Role of gelatinase B and elastase in human polymorphonuclear neutrophil migration across basement membrane

Polymorphonuclear neutrophil (PMN) migration across basement membrane is thought to be dependent on the degradation of membrane constituents. PMN gelatinase B, a metalloproteinase able to degrade type IV collagen, may be involved in this phenomenon. PMN gelatinase B is released in the extracellular medium as a latent preform and then activated, mainly by PMN elastase. We investigated the role of gelatinase B in PMN migration across a Matrigel(R) basement membrane matrix coated onto a filter, in a Boyden chamber. The effects of gelatinase and elastase inhibitors on PMN migration in this system were tested. Chemokinesis of PMN was tested in the same Boyden chamber across a filter free of basement membrane. The agarose method was used to test the same inhibitors for effects on PMN chemotaxis. In both systems, FMLP 10(-7) M was used as a chemoattractant.

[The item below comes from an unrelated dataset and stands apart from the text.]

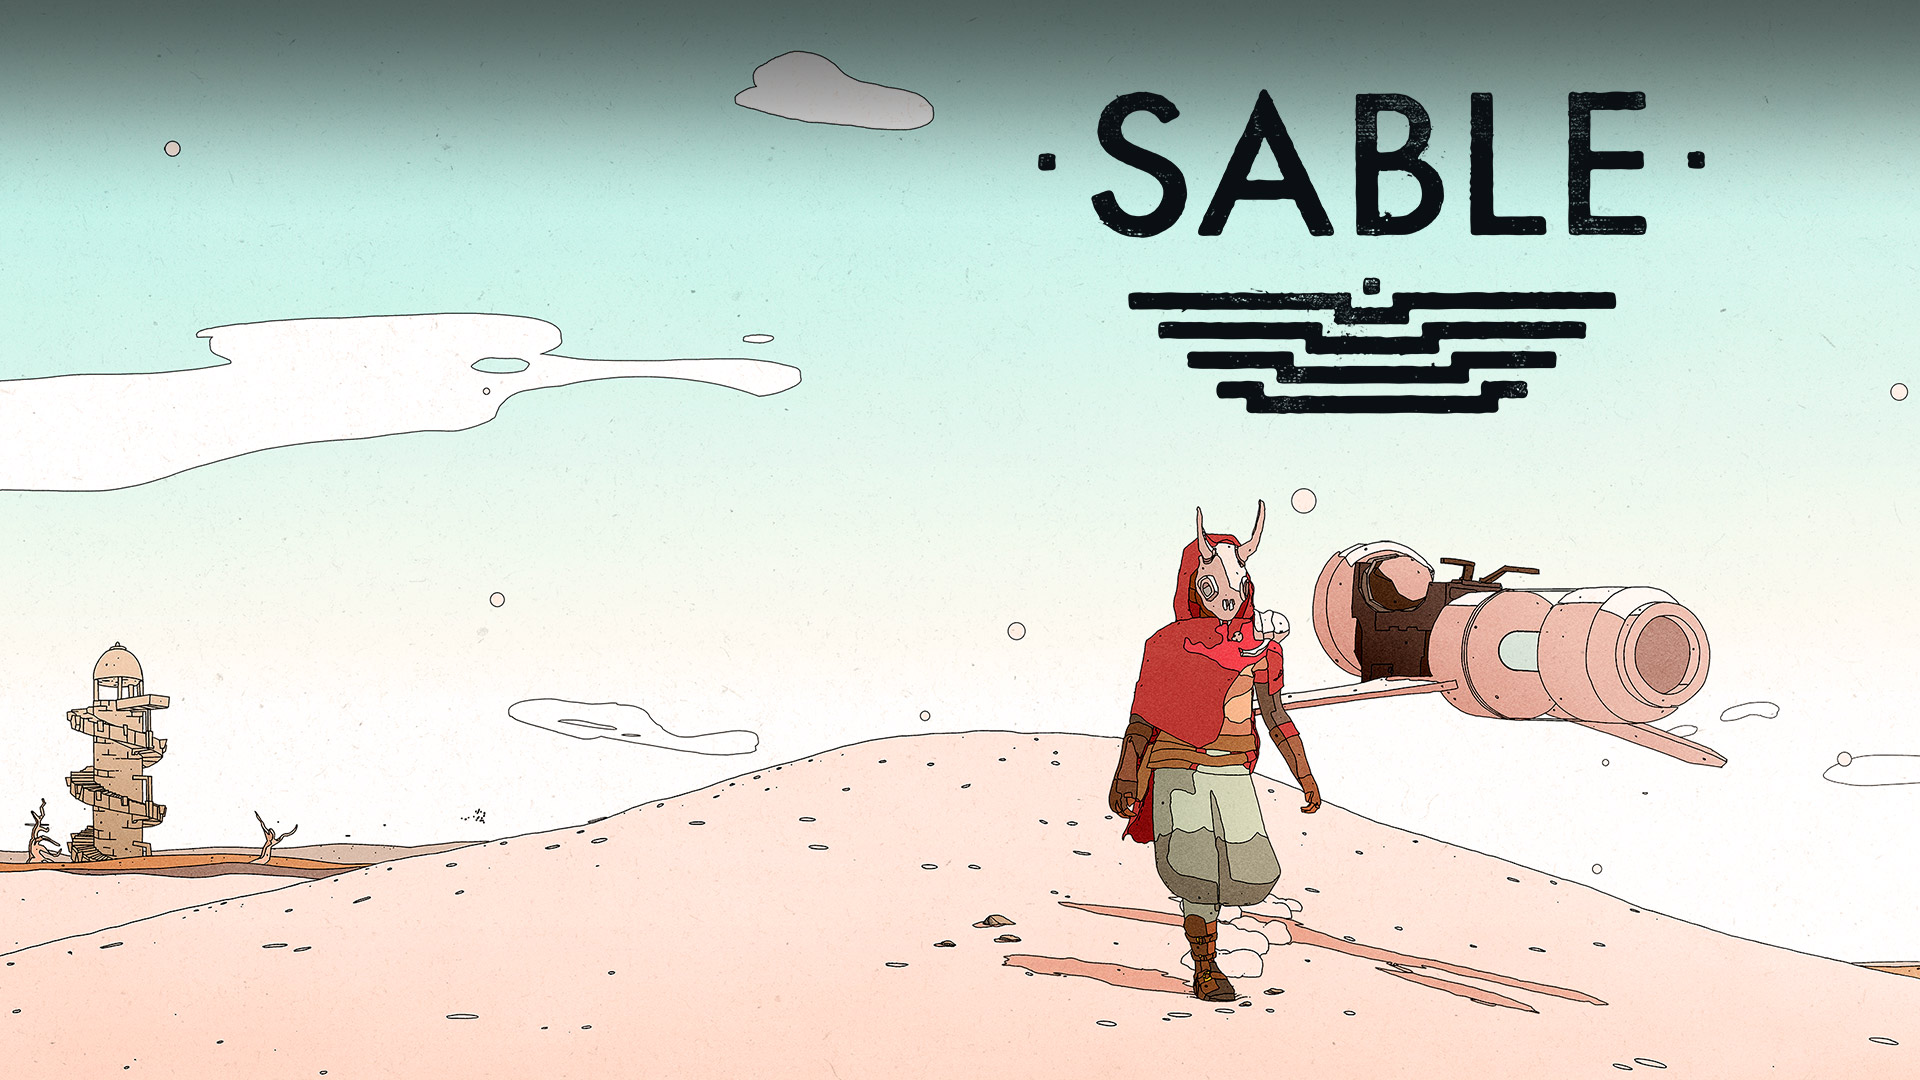 Sable 標誌，Sable 與懸浮單車在沙漠裡

Addition of 10(-8) M TIMP-1 (the preferential gelatinase B inhibitor) inhibited trans-basement membrane PMN migration by 52 +/- 6% (P < 0.05), without affecting PMN chemokinesis, chemotaxis, or degranulation. Also, (Ala)(2) Pro Val chloromethyl ketone (AAPVCK) 100 mu m, a specific elastase inhibitor, inhibited trans-basement membrane PMN migration by 51 +/- 8% (P < 0.05), without affecting PMN chemokinesis, chemotaxis, or degranulation. The AAPVCK-TIMP combination led to a decrease in migration across Matrigel(R) basement membrane (46 +/- 2%, P < 0.05) similar to that seen with TIMP alone. AAPVCK was responsible for inhibition of gelatinase B activation, leading to a decrease in activated gelatinase from 14% to 2% of total gelatinase release (P < 0.05). All these results strongly suggest that gelatinase B is a major factor of PMN migration across basement membrane and that elastase may contribute to this process by activating pro-gelatinase B.